Different effects of chimeric domain swapping on virus fitness were observed and depended on the specific env backbone that was used. The pairing of the majority week 0 gp41 region with a week 48 gp120 domain originally isolated from a G36D-containing env did not restore viral fitness and produced viruses that were less fit than native week 48 env genes with site-directed HR-1 corrections. The pairing of this same week 0 gp41 with a previously N43D-associated week 48 gp120 domain restored fitness relative to VCV-resistant virus and the week 48 env with a site-directed correction at position 43, but it did not restore fitness to wild-type week 0 levels. Wild-type virus fitness could not be restored to week 0 levels by either molecular technique. Taken together, these findings suggest that gp120 and gp41 segments in this subject coevolved to maximize viral fitness, in contrast to a previous report of ENF resistance decay, and highlight the complexities of envelope subdomain interactions (22). A phylogenetic analysis of gp120 and gp41 sequences did reveal differences in env domain evolution at earlier time points during VCV therapy, but by week 48, 18 weeks after ENF therapy began, both gp120 and gp41 forms most closely resembled pretreatment sequences. Divergent evolutionary pathways were not suggested and corroborate our finding in growth competition experiments that gp120 and gp41 must coevolve through drug selection pressures, even when these pressures act mainly on one sequence domain. We speculate that this coevolution maximizes some key feature of viral entry, most likely entry kinetics, but also could be more directly related to receptor or coreceptor affinity.

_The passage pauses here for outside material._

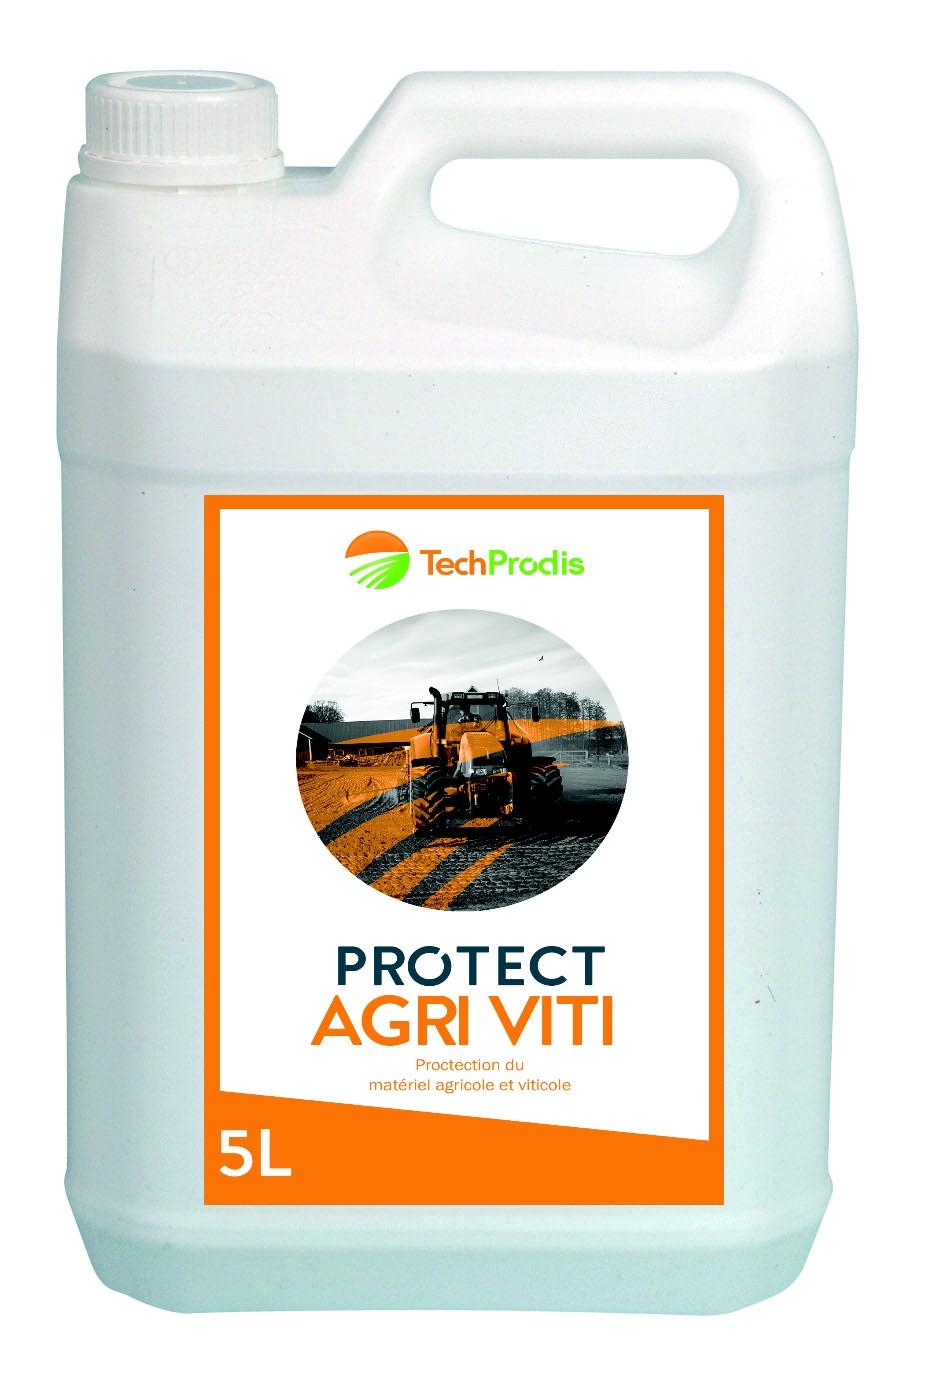 Illustration du produit : Protect Agri Viti

The fitness of an N43D-containing dominant week 48 env was restored by reverting this mutation to its wild-type form. It is not clear why the correction of the G36D mutation by site-directed mutagenesis or domain exchange only partially restored viral fitness in this subdominant viral population. This poor env fitness was demonstrated in three different week 48 env backbones and suggests that this finding was not related to some unique feature of a particular clone we selected. The N43D-containing env genes became the majority clones from week 42 to 48, and it seems likely that regions outside the gp120 V3 loop or the HR-1 gp41 domain contributed to these observed fitness differences. The presence of compensatory changes in env has been previously described for both V3 loop and HR-1 mutations (19, 25, 41, 47, 64).

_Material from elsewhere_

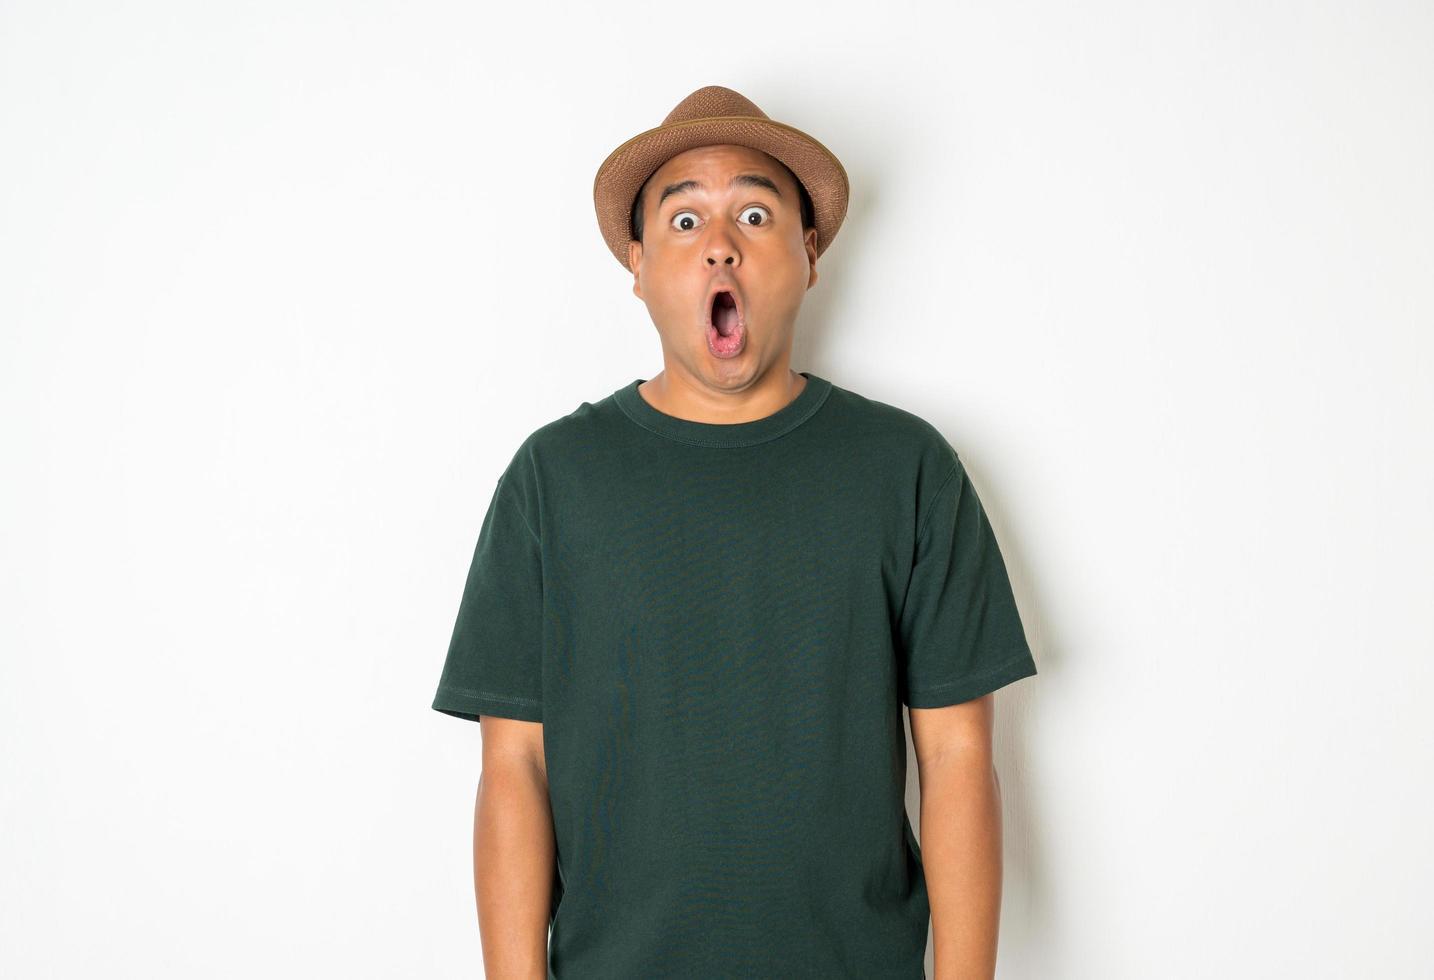 homme choqué dans une chemise verte photo

We used a virus-cell fusion assay to confirm the slower entry rate of a G36D-containing env mutant and extended this observation to virus that contained the N43D gp41 HR-1 mutation (49). The slower entry rates we previously reported for VCV-resistant isolates correlated with reduced fitness in this study (45). The association between entry rates and the reduced fitness of week 48 env constructs, however, was less clear. While chimeric and SDM constructs displayed delayed entry kinetics, they could not be statistically differentiated from the entry rates of native week 48 env. A trend toward intermediate entry rates was noted that could explain some fitness differences, but an alternate mechanism (e.g., changes in binding affinity) may explain changes in viral fitness for these envelopes. The finding that enfuvirtide increased the entry rates of enfuvirtide-resistant clonal isolates to wild-type levels is novel and unexpected. Enfuvirtide resistance mutations in HR-1 reduce enfuvirtide binding while still permitting association with HR2. A model has been proposed for entry in the presence of enfuvirtide, although our virus isolates are admittedly not enfuvirtide dependent for entry (3, 4). In this model, enfuvirtide stabilizes the HR-1–HR-2 interaction and prevents premature prefusion conformational changes that can inactivate virus entry in the absence of drug. Further work is required to clarify whether our observation can be generalized to other enfuvirtide-resistant clinical isolates.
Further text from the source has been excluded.